Mañana con EL PAÍS, por 7,95 euros, un DVD y un libro sobre Kubrick

Javier Ocaña

Pocas veces un cúmulo de conceptos tan alejados entre sí formó un todo con semejante poder de fascinación. La ultraviolencia. El arte pop. Las drogas de diseño. La música de Beethoven. La leche. Las terapias del comportamiento basadas en la aversión. Las ropas de la época eduardiana. El erotismo fetichista. En fin, La naranja mecánica. Con la ayuda de un material previo de Anthony Burgess, publicado como novela en 1962, Stanley Kubrick volvió a conseguir algo insólito: que su película, estrenada en 1971, no se pareciese a nada filmado anteriormente. Y lo que vino después: que a pesar de múltiples ensayos, nadie haya rodado película alguna que se parezca a La naranja mecánica. Un prodigio fílmico, perturbador y luminoso, donde fondo y forma se ayudaban mutuamente para acabar constituyendo un producto de aspecto exterior discordante y funcionamiento interno abrasador.

La arquitectura, la escultura, la pintura, la música, el diseño gráfico y, por supuesto, el cine se han visto influidos por la polémica película de Kubrick, la novena de una filmografía cambiante, donde cada abordaje a un nuevo género se convertía en una reinvención de las reglas que hasta entonces lo habían dirigido. En este caso, Londres era el escenario de una hiperviolenta fábula moral protagonizada por una serie de personajes que no eran sino asombrosas y deformes caricaturas. Ambientada en un futuro cercano, la historia podría enmarcarse en el género de la ciencia-ficción distópica (la distopía es una utopía negativa, en la que la realidad transcurre en unos términos radicalmente alejados de una sociedad ideal), del que también forman parte obras tan importantes como Metrópolis, Blade Runner o 1984. Aunque, más allá de su inquietante narración, son los deslumbrantes elementos que la acompañan los que hacen de La naranja mecánica una obra irrepetible. Kubrick, profesional obsesivo, capaz de controlar hasta el último detalle, supo sacar provecho de las particularidades contenidas en la novela de Burgess para acercarlas a su propio terreno. La primera, la utilización de músicas de contraste, algo que ya había demostrado en su producción anterior, 2001: una odisea del espacio (1968), al hacer bailar a una nave espacial al ritmo de un vals de Strauss. En la novela, Ludwig van Beethoven ya tenía una importancia primordial en la trama, pero sólo a Kubrick se le podía ocurrir encargar al compositor de pop Walter Carlos nuevas versiones de distintos pasajes de la Novena Sinfonía tocadas con un sintetizador electrónico. Y aún más, que éstas encajaran. O utilizar una pieza barroca como El funeral de la reina Mary, de Henry Purcell, para ilustrar el ambiente del Milkbar, donde la pandilla de jóvenes criminales se reúne para drogarse antes de sus fechorías. O mostrar una insoportable paliza al ritmo de la angelical Cantando bajo la lluvia.

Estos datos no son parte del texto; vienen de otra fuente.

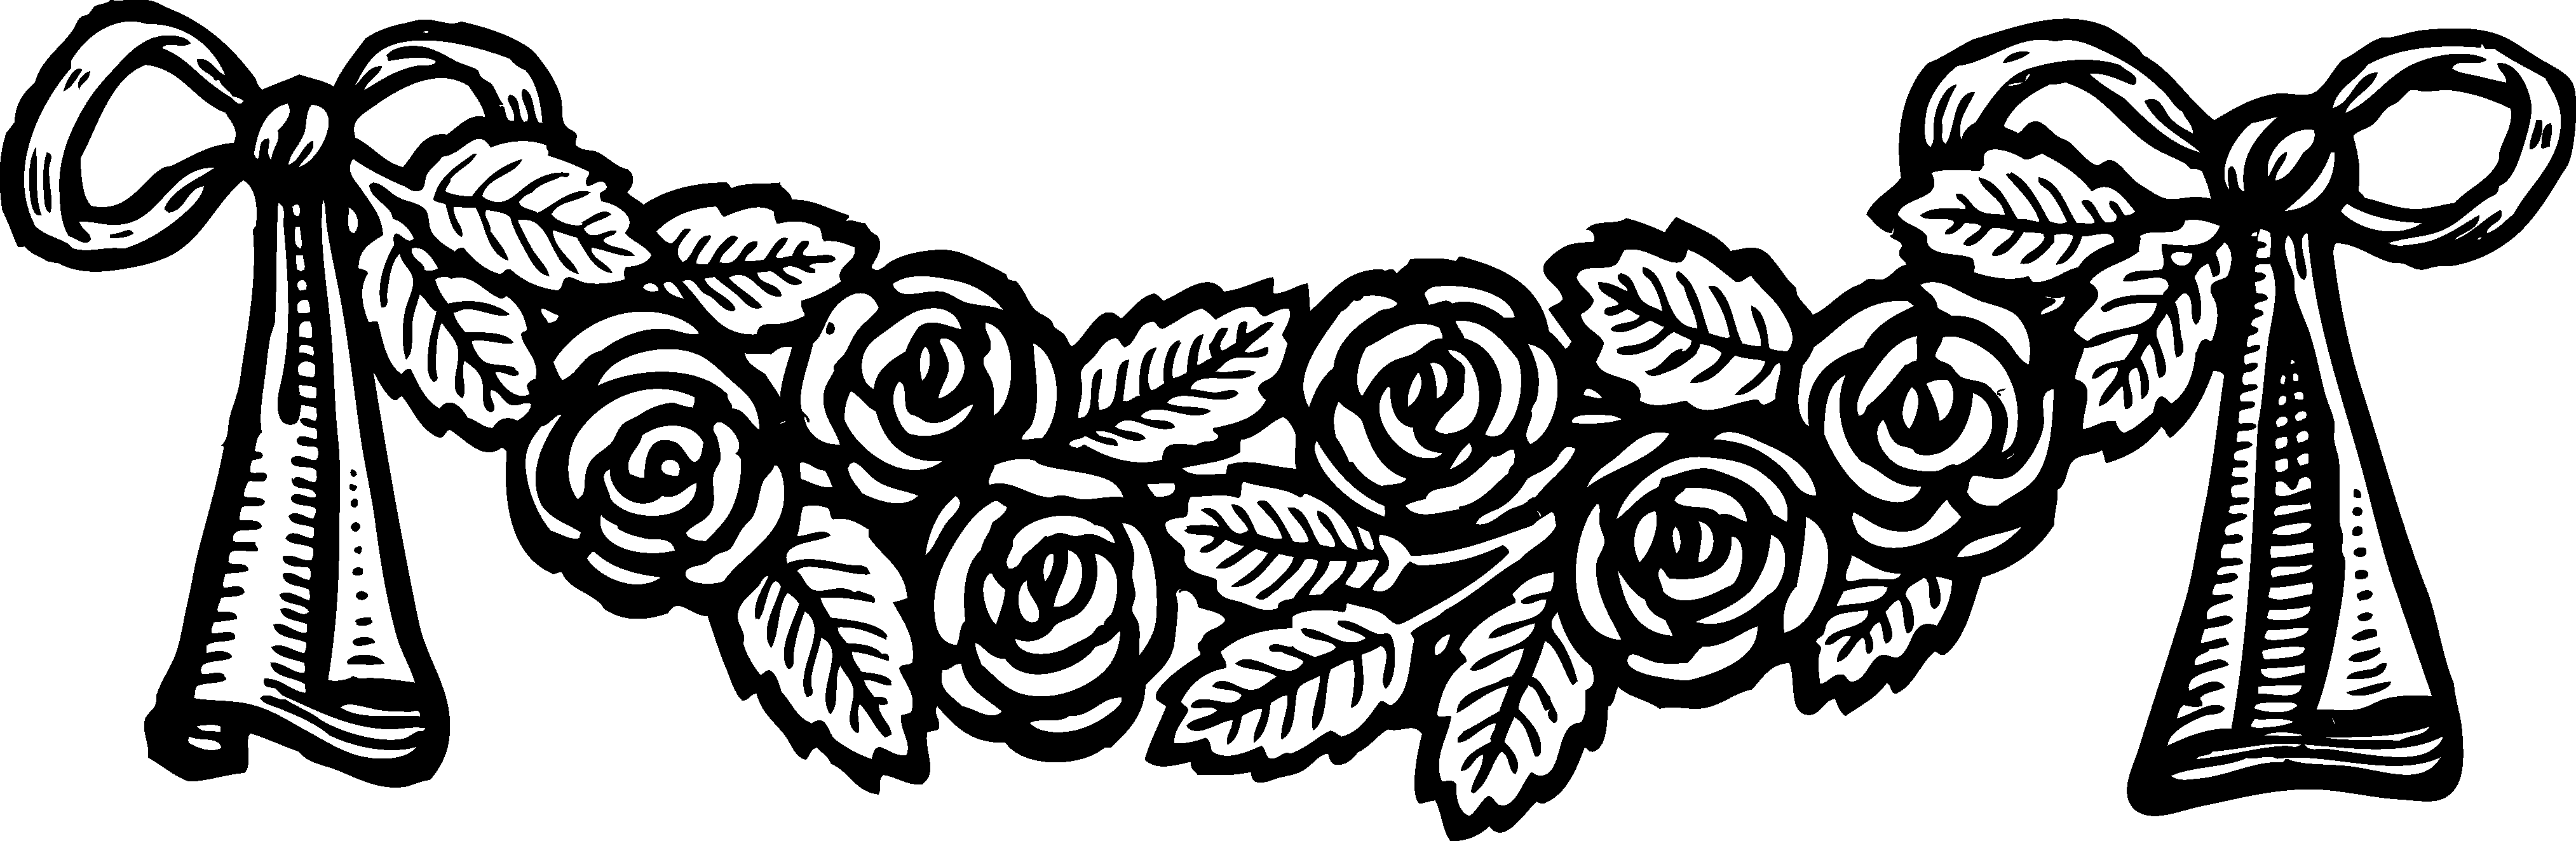 Clipart rose banner. Vintage roses decoration free

"Si Kubrick no se hubiese convertido en director de cine, hubiera sido general en jefe del ejército americano", dijo Malcolm McDowell, protagonista de la cinta, tras la finalización del rodaje. Bienvenidos los tiranos cinematográficos si son capaces de construir edificios como Senderos de gloria (1957) o Teléfono rojo: ¿volamos hacia Moscú? (1964). Sobre todo para el regocijo de los espectadores, que no tenemos que sufrirlos en la fase de elaboración de sus obras de arte.

Malcom McDowell, en un fotograma de la película <i>La naranja mecánica,</i> de Stanley Kubrick.
Malcom McDowell, en un fotograma de la película La naranja mecánica, de Stanley Kubrick.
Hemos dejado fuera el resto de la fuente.